David Brooks, writing for the Op-ed page of the New York Times, said such hurricanes exposed the underlying power structures, the injustices, the patterns of corruption and the unacknowledged inequalities. "When you look back over the meteorological turbulence in this nation`s history, it`s striking how often political turbulence followed. What`s happening in New Orleans and Mississippi today is a human tragedy. But take a close look at the people you see wandering, devastated, around New Orleans: they are predominantly black and poor. The political disturbances are still to come," he said. Jack Shafer says the same thing: This storm appears to have hurt blacks more directly than whites, but the broadcasters scarcely mentioned that fact.
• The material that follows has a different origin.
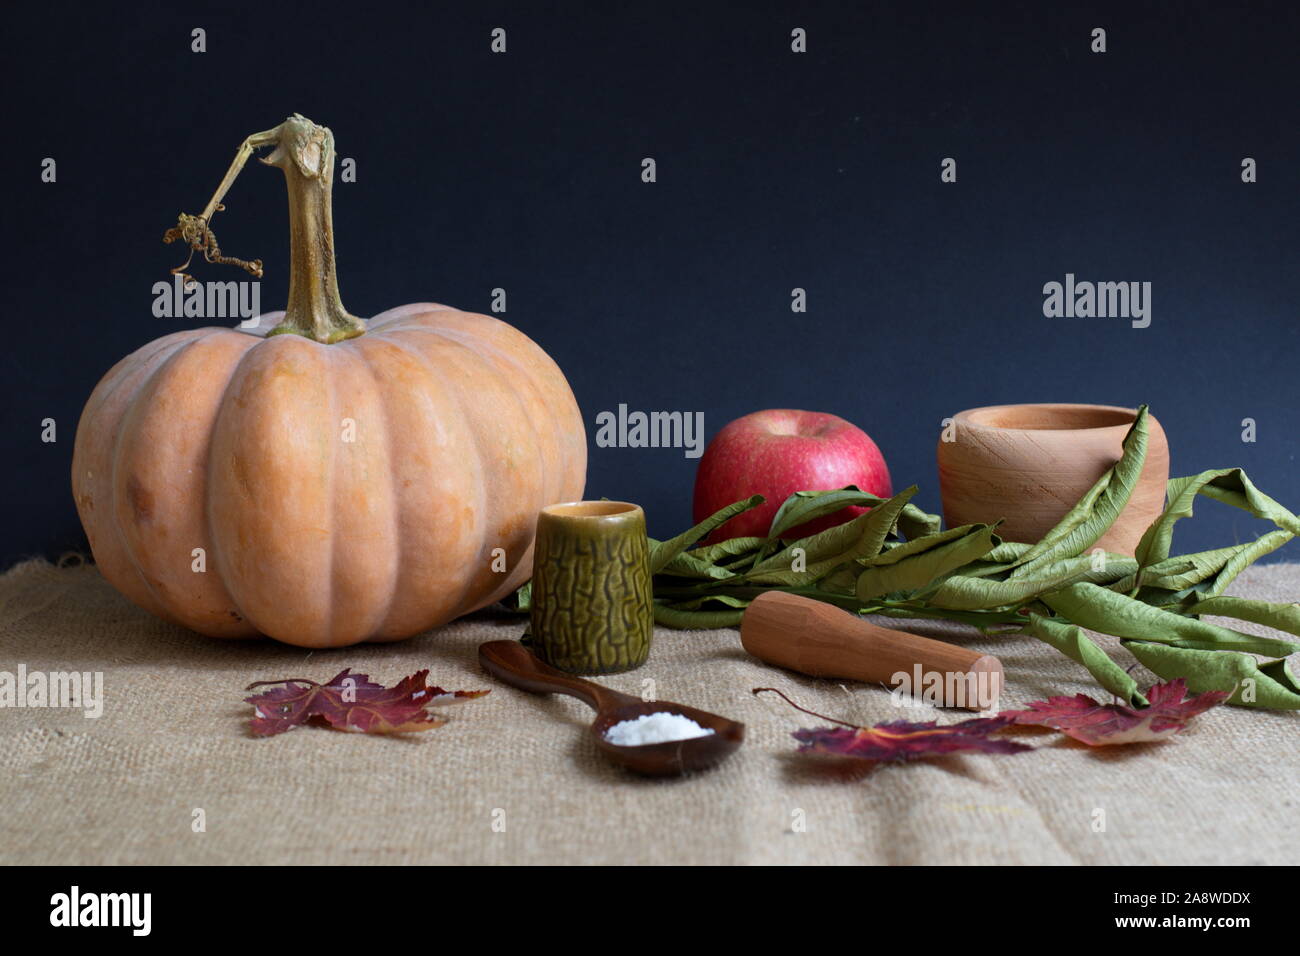 Kürbis, Apfel und Gewürze auf dem Tisch vor dem dunklen Hintergrund - Thanksgiving Dekoration Stockfoto

But the most sensible comment came from the Boston Globe that recalled the Mumbai floods and said that the real name of the hurricane is not Katrina but global warming.  A report by Ross Gelbspan said, "When a severe drought in the Midwest dropped water levels in the Missouri River to their lowest on record earlier this summer, the reason was global warming. When a lethal heat wave in Arizona killed more than 20 people in one week, the culprit was global warming.  And when the Indian city of Mumbai received 37 inches of rain in one day - killing 1,000 people and disrupting the lives of 20 million others - the villain was global warming.  As the atmosphere warms, it generates longer droughts, more intense downpours, more frequent heat waves, and more severe storms."